Since the delay optimization rule has a dependency relationship with the circuit division method, the block selected by the selection unit is supplied to the circuit division unit instead of being supplied to the delay analysis processing unit, and the subsequent processing is repeated. Needless to say, this can be applied without departing from the spirit of the present invention.

[0029]

As described above, the delay optimizing method of the present invention sets the application target block and the application rule so as to maximize the evaluation value calculated from a plurality of evaluation items including the delay improvement degree and the cost factor. Providing the application rule selecting means for selecting has an effect that the delay optimization can be executed without unnecessarily increasing cost factors such as an increase in chip area.

[Brief description of drawings]

FIG. 1 is a block diagram showing an embodiment of a delay optimization method of the present invention.

FIG. 2 is a block diagram showing a configuration of an application rule selection unit in FIG.

FIG. 3 is a block diagram showing an example of a conventional delay optimization method.

FIG. 4 is a block diagram showing a configuration of a critical block extraction unit in FIG.

FIG. 5 is a diagram showing an example of an error path of an optimization target circuit.

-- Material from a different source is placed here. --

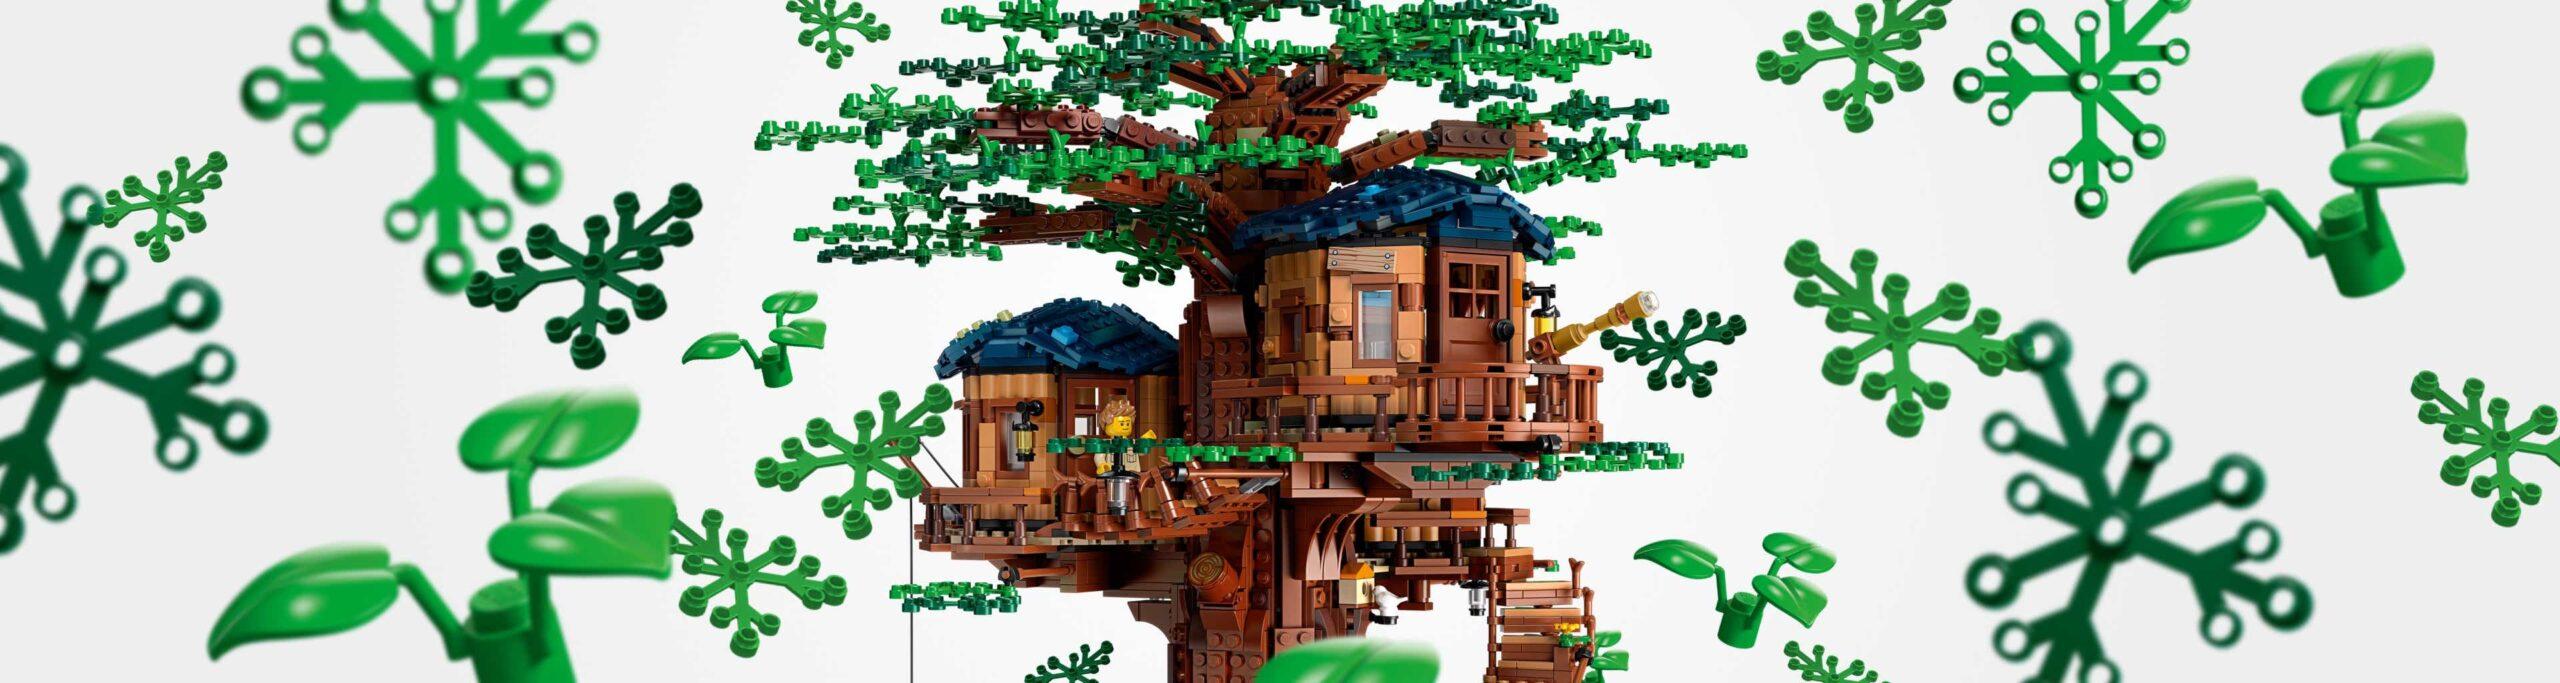 LEGO rezygnuje z plastiku

FIG. 6 is a diagram showing an example of delay optimization for the optimization target block of FIG. 5;

[Explanation of symbols]

 DESCRIPTION OF SYMBOLS 1 constraint condition setting part 2 circuit division part 3,26 delay analysis part 4 end condition determination part 5 applicable rule selection part 6A-6B rule execution part 21 circuit specification 22 synthesis rule base 23 logic circuit synthesis part 24 netlist 25 synthesis rule list 27 Error Path List 28 Critical Block Extraction Unit 29 Critical Block 31 Block Path Extraction Unit 32 Maximum Stage Block Search Unit 51A to 51N Rule Evaluation Unit 52 Selection Unit

Claims (2)

[Claims] 1. Realization of the logical function specification included in a logic synthesis system that synthesizes the logic circuit according to a synthesis rule by inputting a logic function specification of a digital logic circuit given in a hardware description or a functional block diagram. In the delay optimization method for performing the delay optimization process to minimize the propagation delay time of the logic circuit, the constraint condition of the delay time based on the arrival time of the input signal, the required output time of the output signal, and the clock waveform is Constraint condition setting means for setting, circuit dividing means for dividing the optimization target circuit into a plurality of blocks which are unit circuits of the delay optimization processing, delay analysis means for executing delay analysis for each block, and the delay An end condition determining means for determining whether or not the analysis result satisfies the constraint condition, and a predetermined multiple factor including a delay improvement degree and a cost factor. An application rule selecting means for selecting an application rule to be applied to each of the blocks from among a plurality of optimization rules so as to maximize the evaluation value calculated from the evaluation items of A delay optimizing method comprising: a plurality of rule executing means for respectively executing an optimizing process. 2. The same number of rule evaluation units as the plurality of units that respectively evaluate the delay improvement degree and the cost factor when the application rule selection unit applies each corresponding to each of the plurality of application rules, The delay optimizing method according to claim 1, further comprising a selecting unit that selects the applicable rule based on the evaluation results of the same number of rule evaluation units.